#### [What the exercise asks]
From the line that contains "Zimbrische Gesamtgrammatik: Vergleichende" through the line that contains "2月24日am Aチーム練習試合vs北親会レッドキングス 舟渡ベースボールクラブ", output every line of the listing below exactly and leave out all the rest.

#### [Entries provided]
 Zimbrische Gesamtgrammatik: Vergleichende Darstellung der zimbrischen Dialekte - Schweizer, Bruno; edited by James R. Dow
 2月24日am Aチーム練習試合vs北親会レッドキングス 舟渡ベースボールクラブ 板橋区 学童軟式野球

--

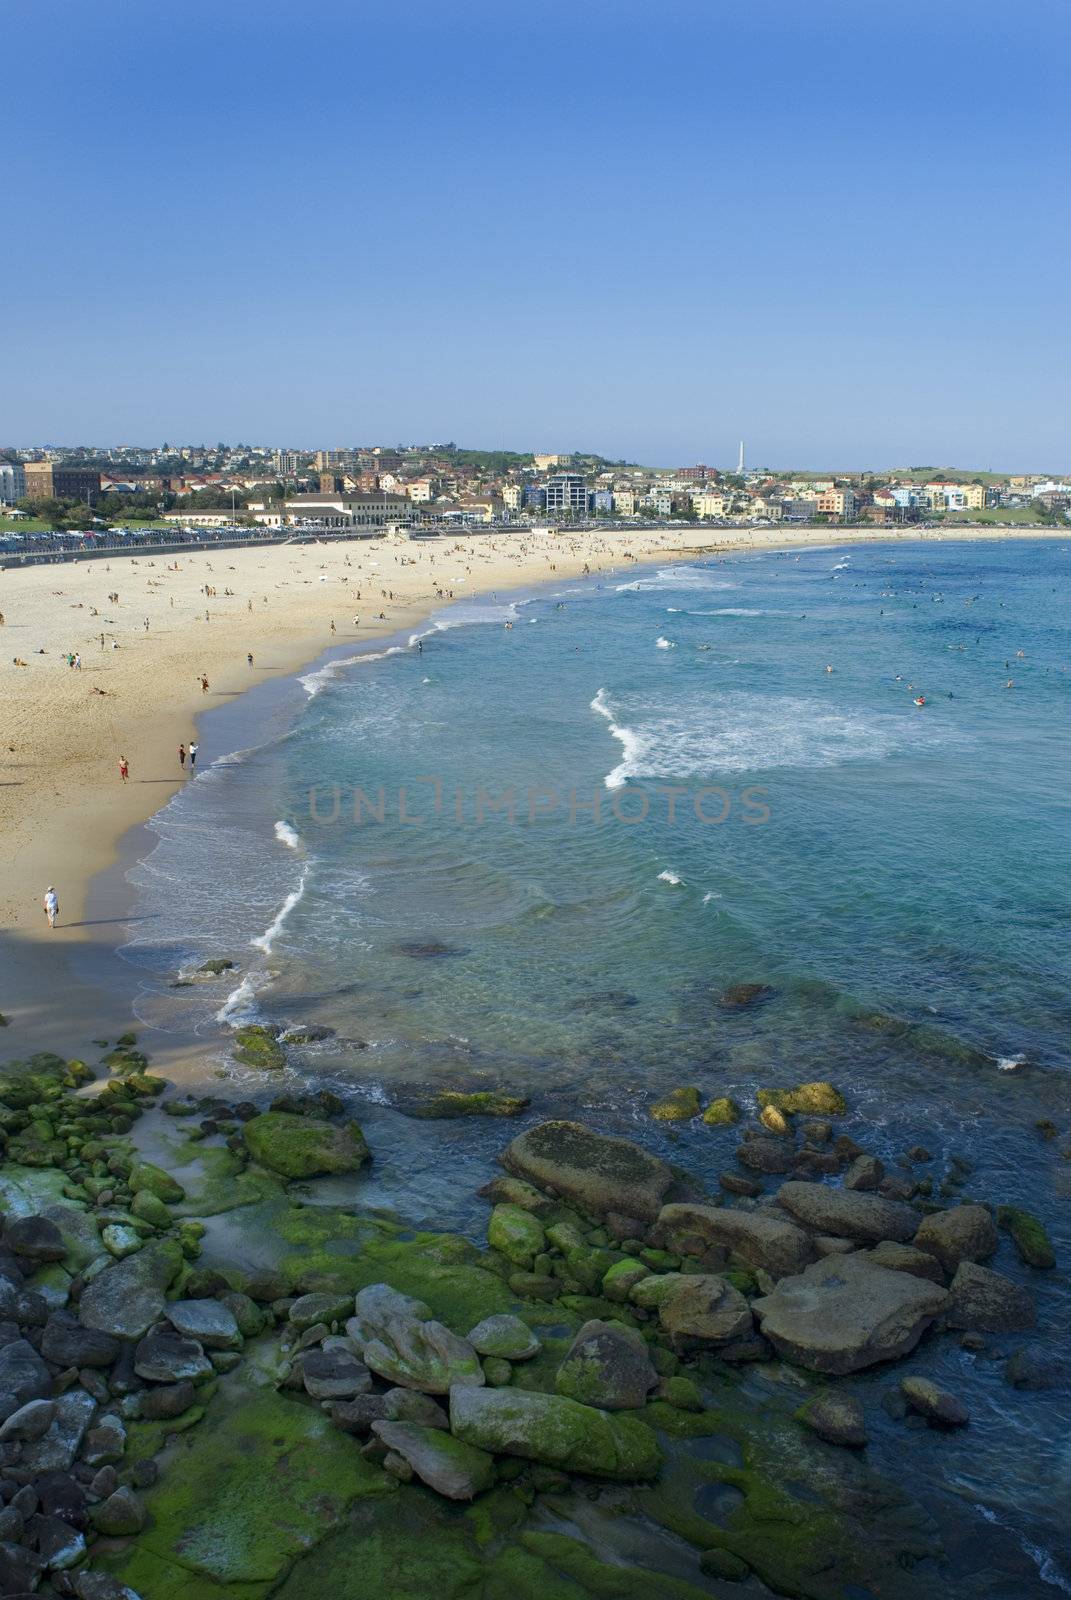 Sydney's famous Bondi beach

--

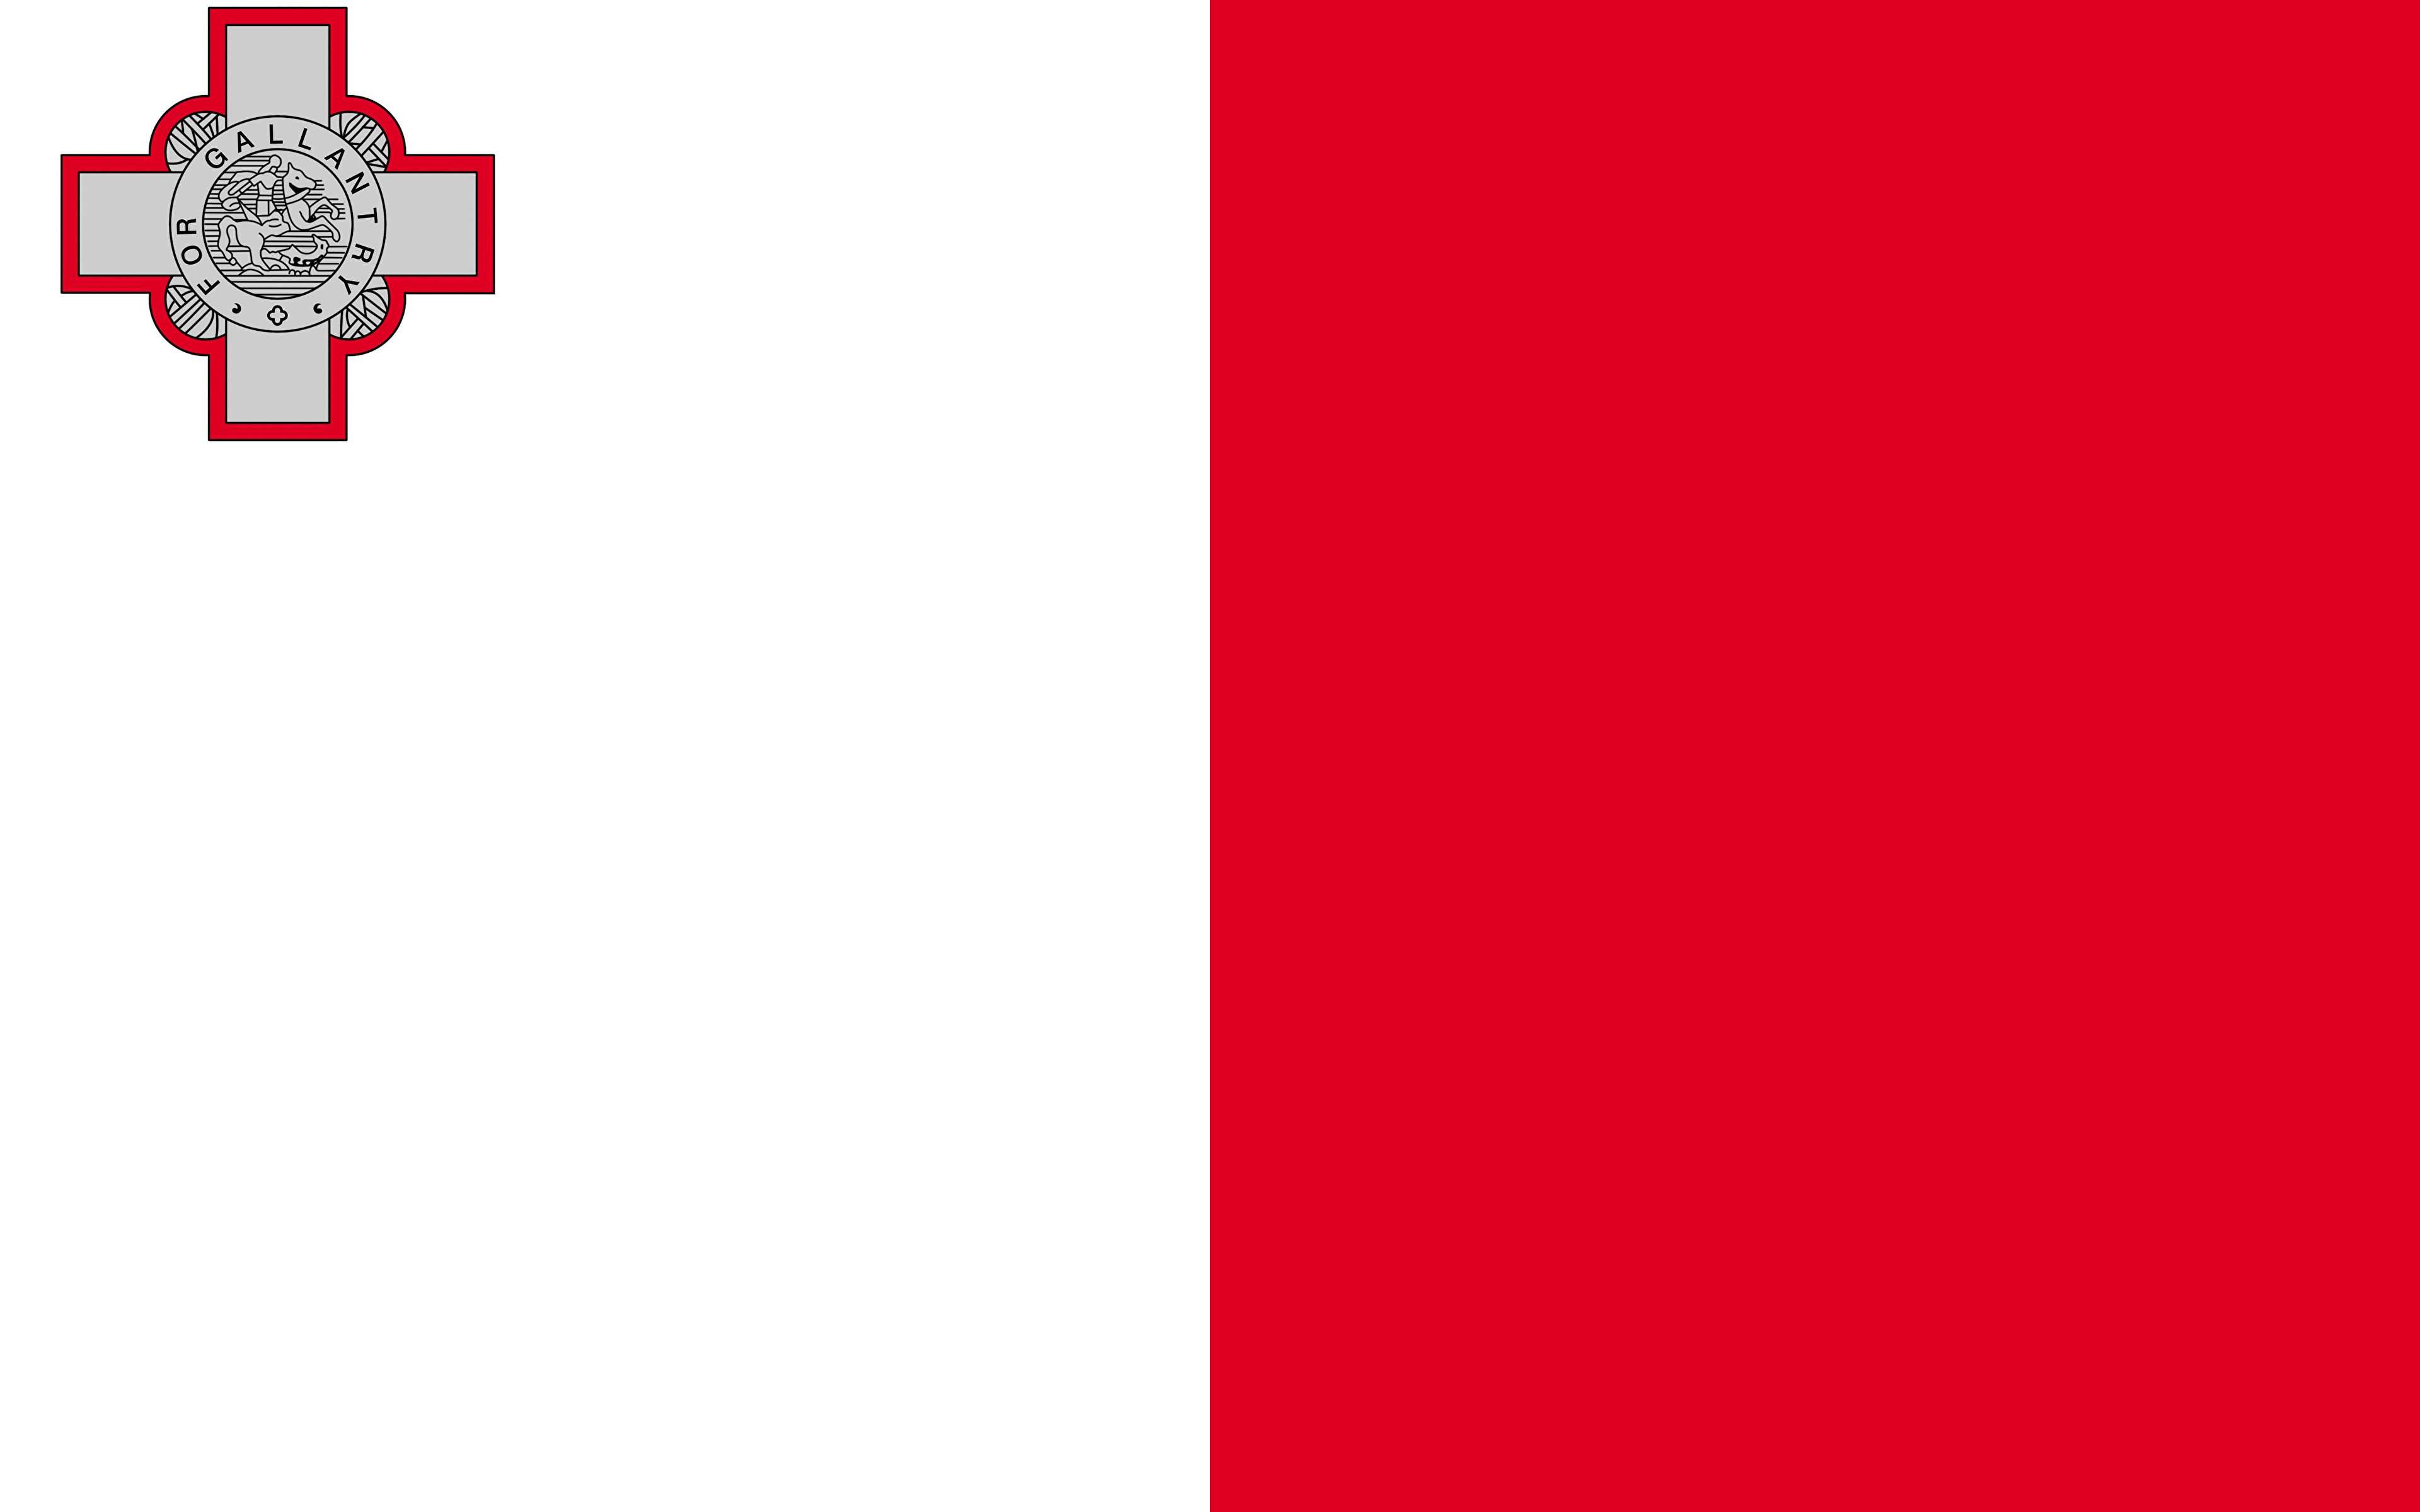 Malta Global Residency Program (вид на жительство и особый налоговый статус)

#### [Expected answer]
 Zimbrische Gesamtgrammatik: Vergleichende Darstellung der zimbrischen Dialekte - Schweizer, Bruno; edited by James R. Dow
 2月24日am Aチーム練習試合vs北親会レッドキングス 舟渡ベースボールクラブ 板橋区 学童軟式野球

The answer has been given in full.